Split data into N equal groups I have a dataframe which contains values across 4 columns: 
For example:ID,price,click count,rating
What I would like to do is to "split" this dataframe into N different groups where each group will have equal number of rows with same distribution of price, click count and ratings attributes. 
Any advice is strongly appreciated, as I don't have the slightest idea on how to tackle this !
 A: Edit: The minDiff package has been superceded by the anticlust package.

This is a very late answer, but I found this page while googling whether
the problem as stated has ever been discussed anywhere. Maybe my answer
will help if someone finds this page from now on.
I wrote an R package, which does exactly what the question
asked for: it takes a data.frame and creates N different groups while
trying to minimize the differences between groups in one or several
criteria. It uses a simple method based on repeated random
assignment, which is also the suggested method in the approved response.
This is the link to the package minDiff:
To tackle the stated problem, you could use:
library(minDiff)
assigment <- create_groups(dataframe, criteria_scale = c("price", "click count", "rating"), sets_n = N, repetitions = 1000)

The repetitions argument will determine how often you randomly create
different groups.
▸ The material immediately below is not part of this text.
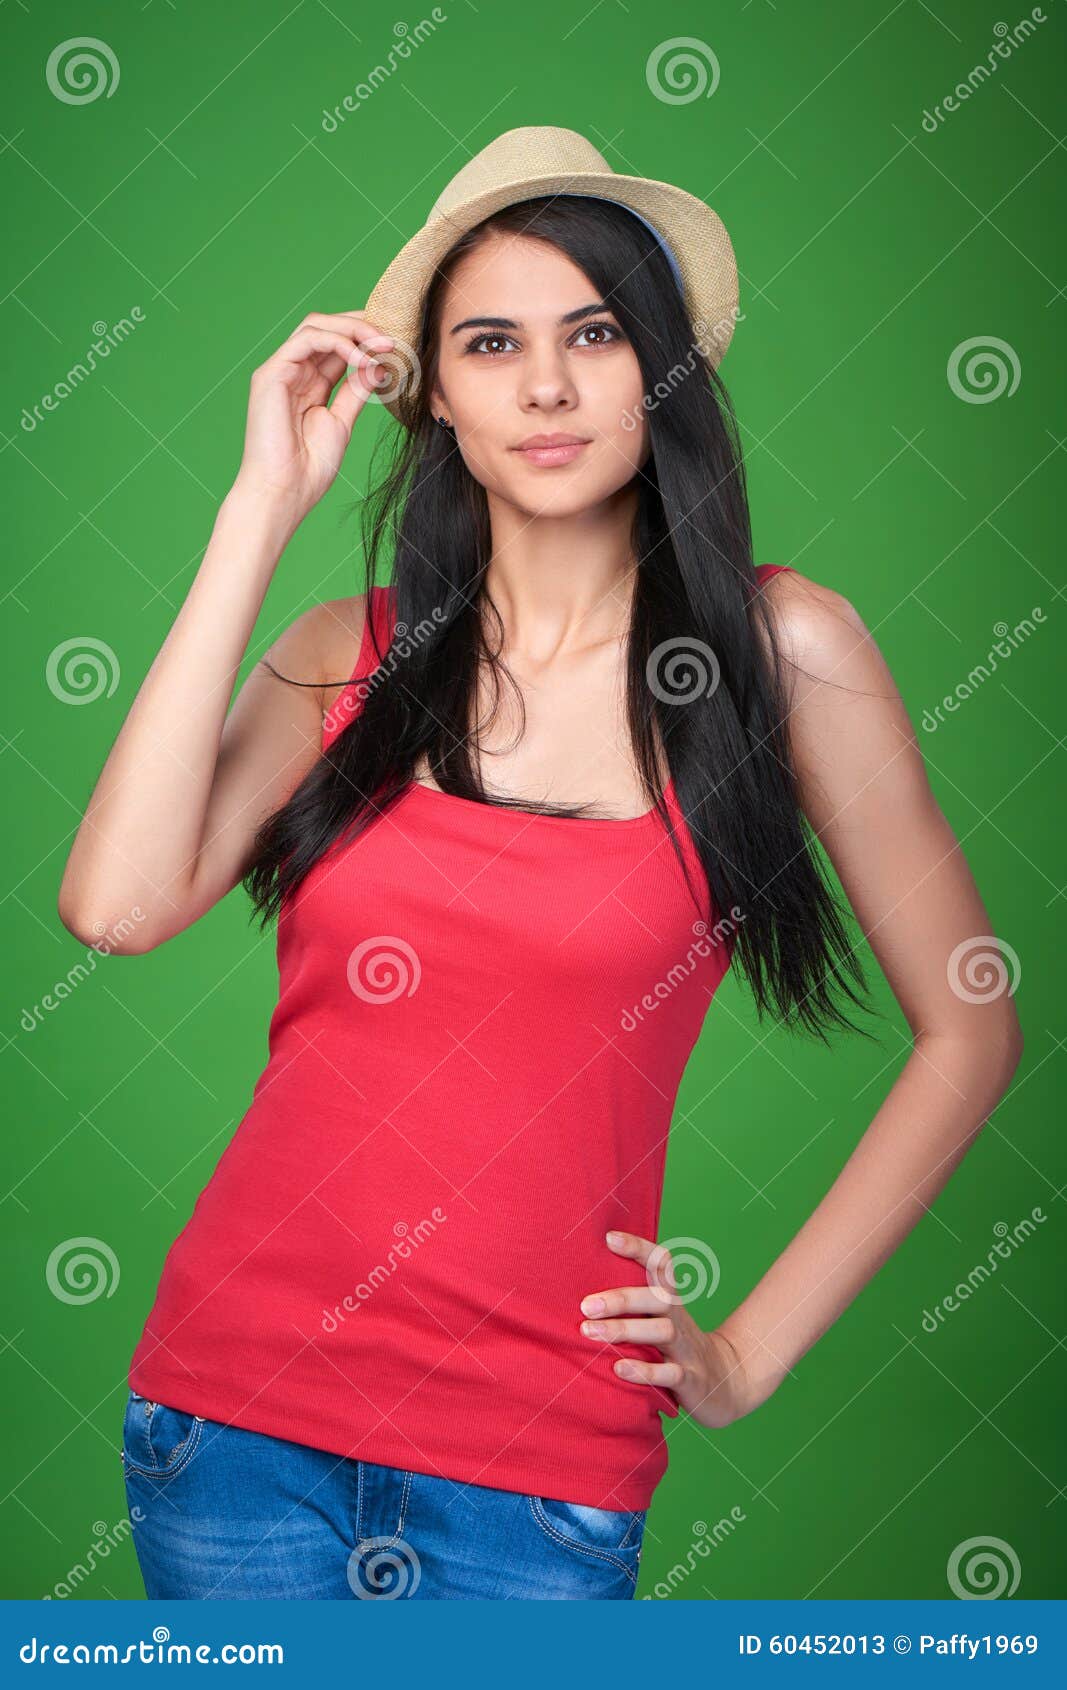 Teen Girl Wearing Straw Hat Looking Up Stock Image I

The best assignment - the one that has minimal
differences between groups - will be returned.
A: Although Alex A's answer gives an equal probability for each group, it does not meet the question's request for the groups to have an equal number of rows. In R:
stopifnot(nrow(df) %% N == 0)
df    <- df[order(runif(nrow(df))), ]
bins  <- rep(1:N, nrow(df) / N)
split(df, bins)

A: This can be solved with nesting using tidyr/dplyr
require(dplyr) 
require(tidyr)

num_groups = 10

iris %>% 
   group_by((row_number()-1) %/% (n()/num_groups)) %>%
   nest %>% pull(data)

A: If I understand the question correctly, this will get you what you want. Assuming your data frame is called df and you have N defined, you can do this:
split(df, sample(1:N, nrow(df), replace=T))

This will return a list of data frames where each data frame is consists of randomly selected rows from df. By default sample() will assign equal probability to each group.